Action item
Transcribe exactly, leaving out pictures, the lines from the one that holds "Pantalon Nike Moda" through the end of the data below, including both end lines and no others.

Stored data
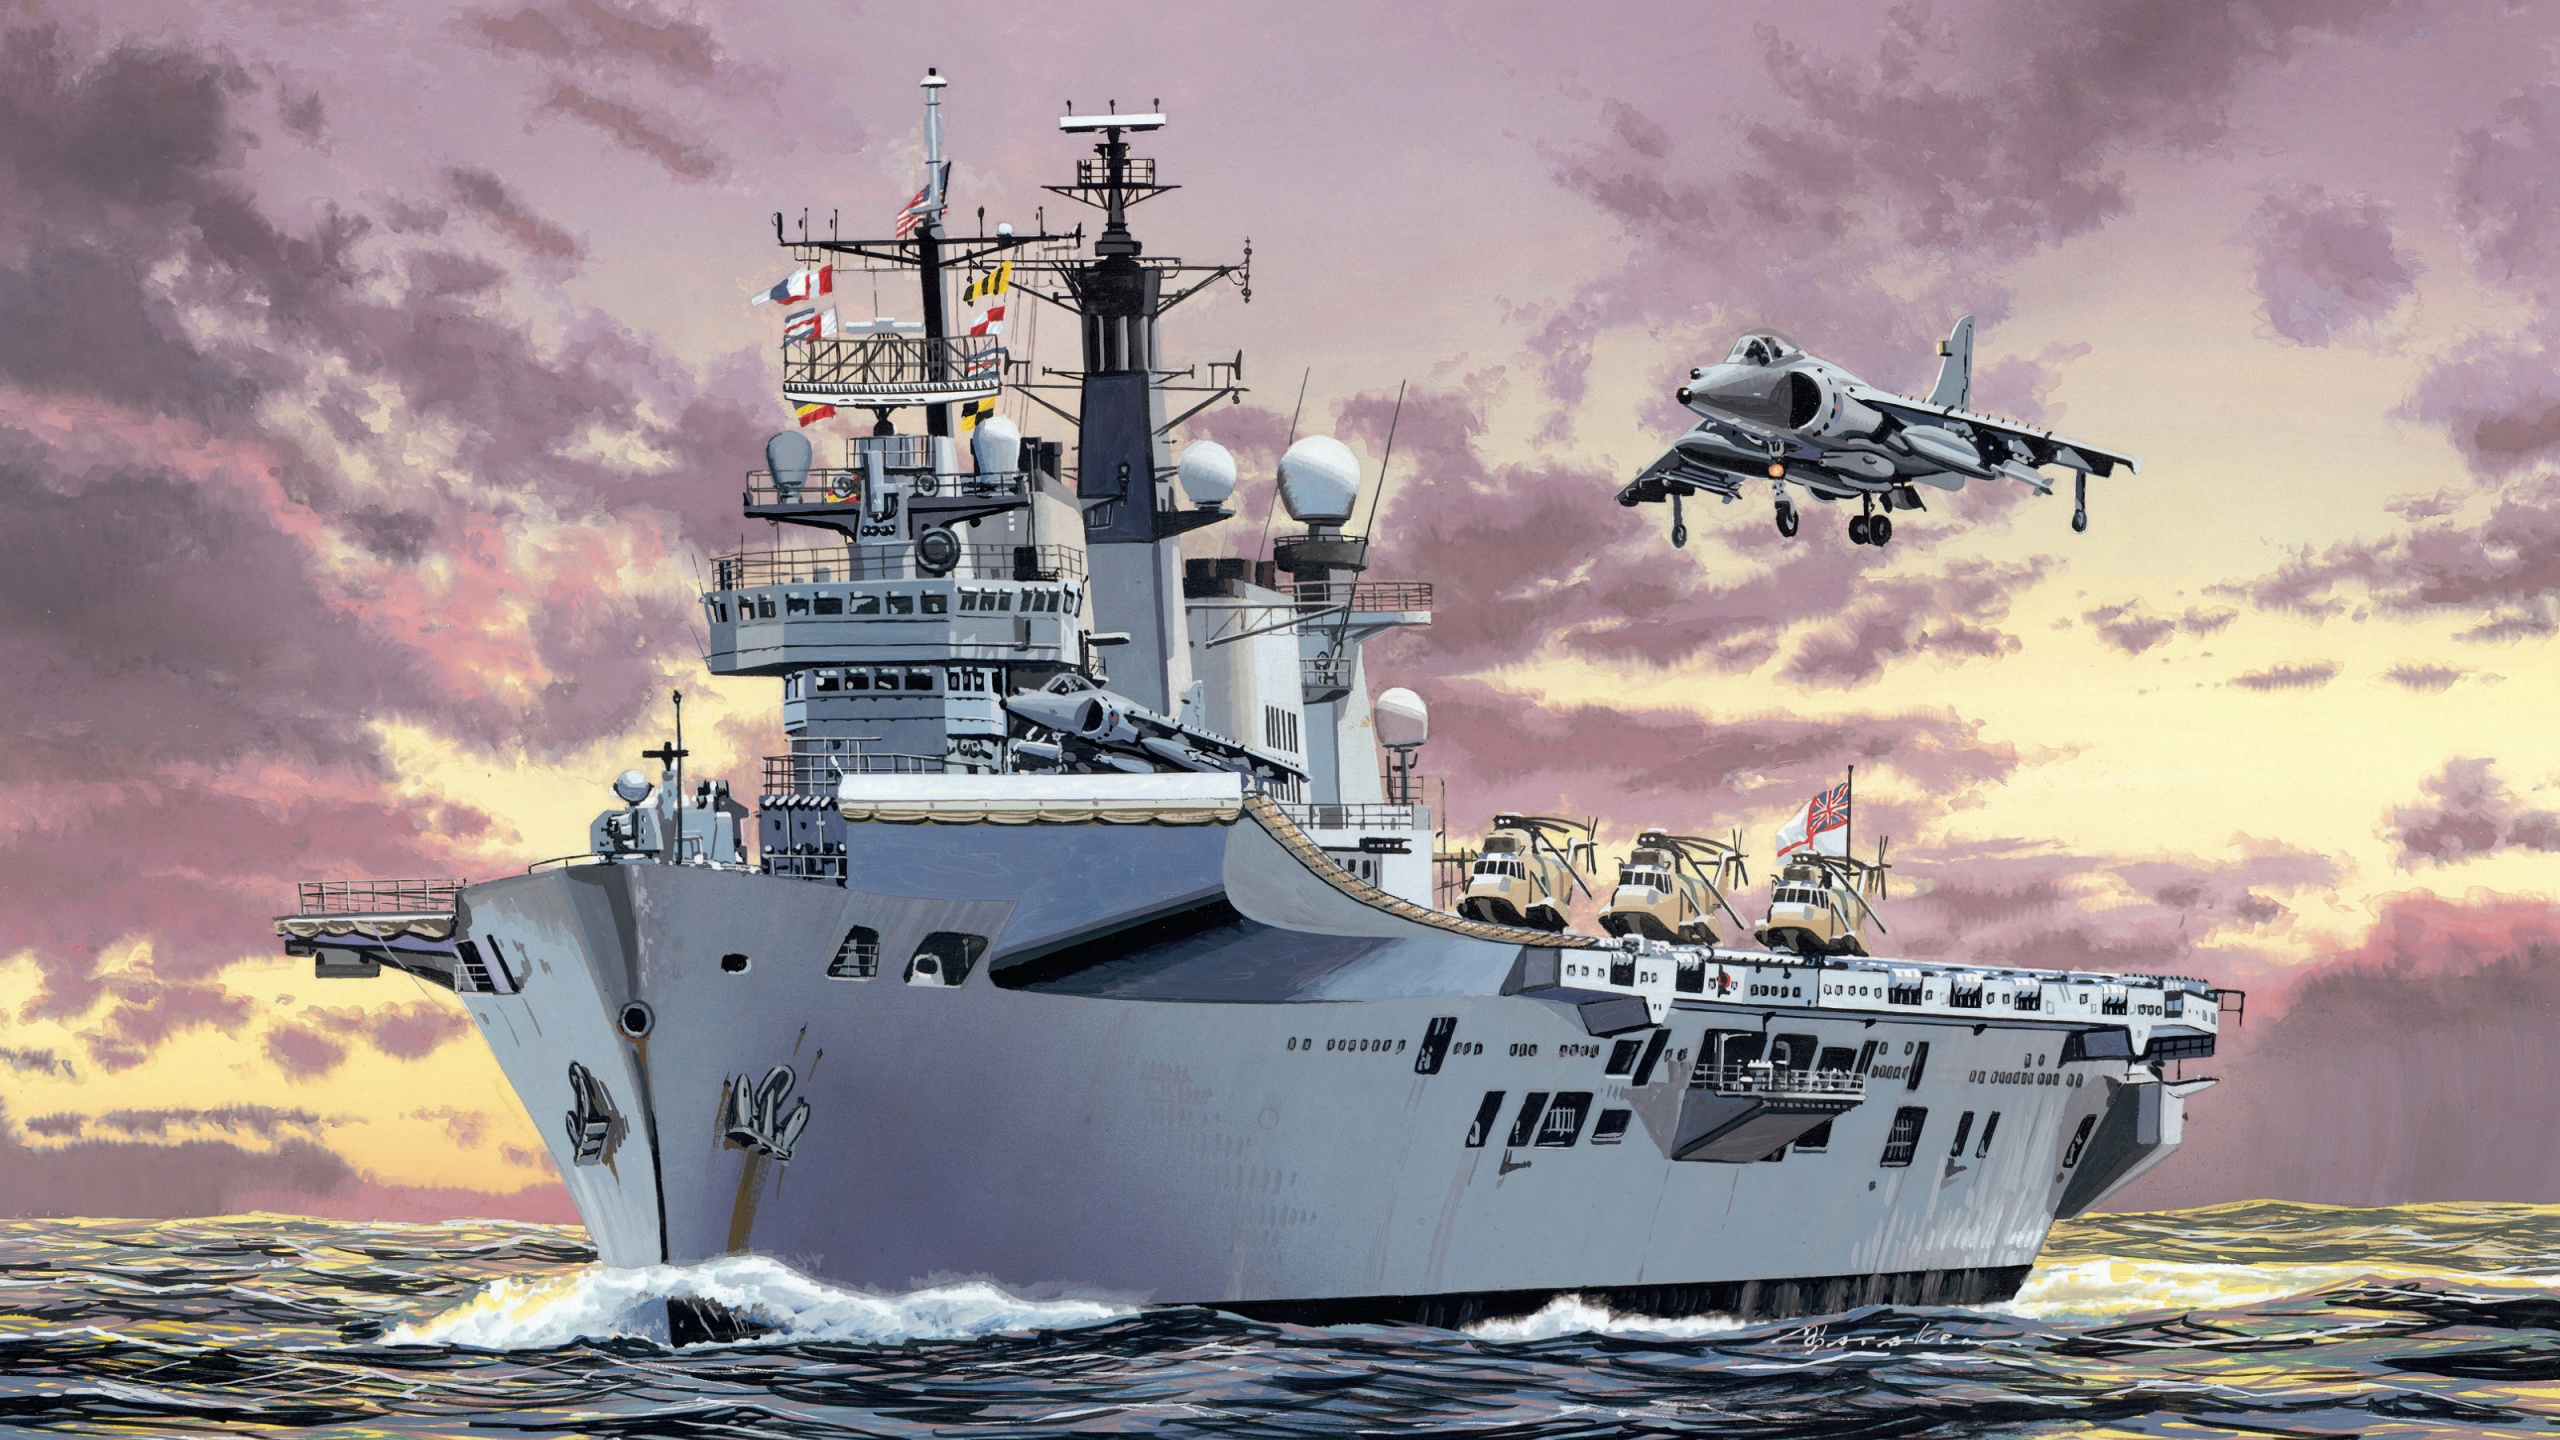 Обои ГМС Арк Ройял, королевский флот, авианосец, HMS прославленный, военный корабль в разрешении 2560x1440
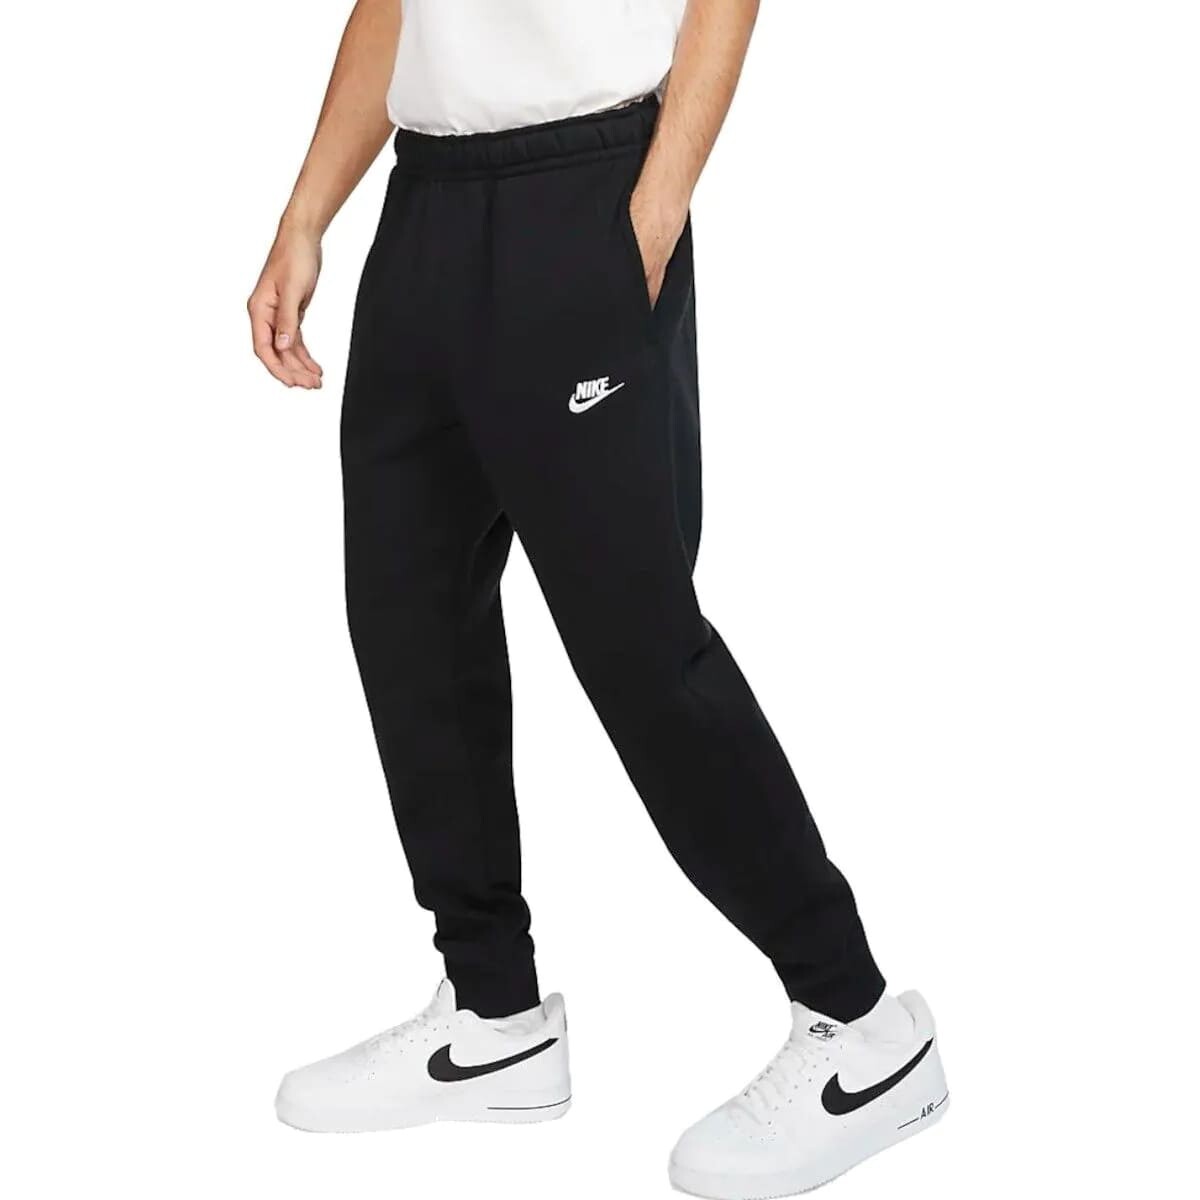 Pantalon Nike Moda Hombre Negro Clasico Club Jggr - S/C 
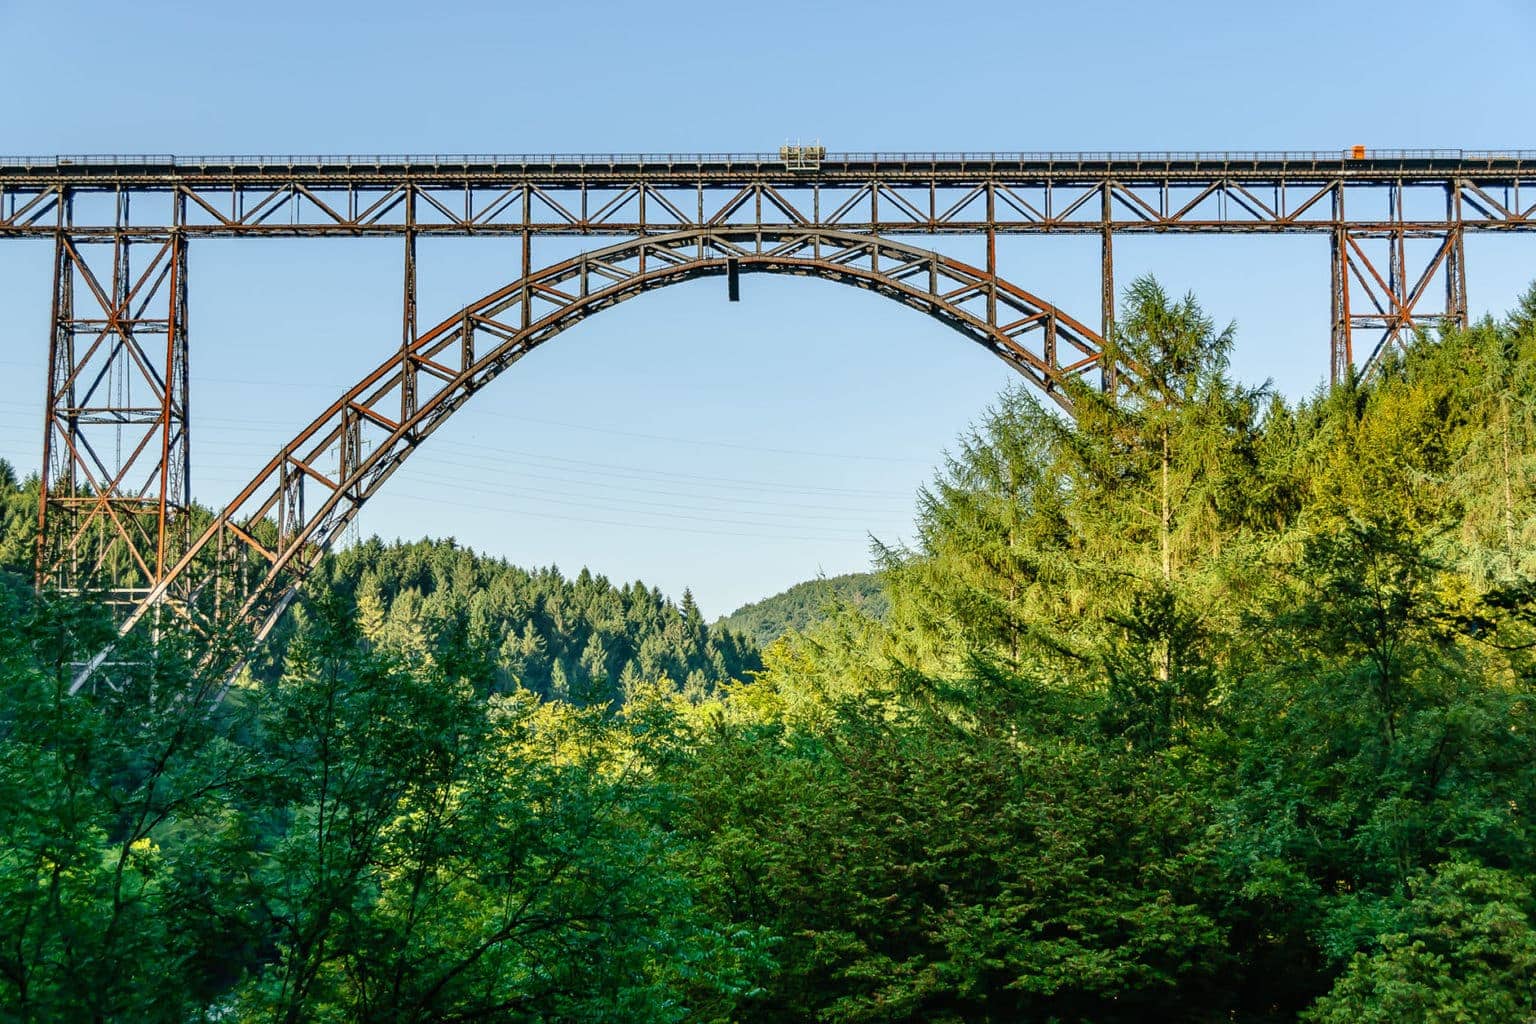 De Müngstener Brücke in het Bergische Land in Duitsland

Response to the task
 Pantalon Nike Moda Hombre Negro Clasico Club Jggr - S/C 
 De Müngstener Brücke in het Bergische Land in Duitsland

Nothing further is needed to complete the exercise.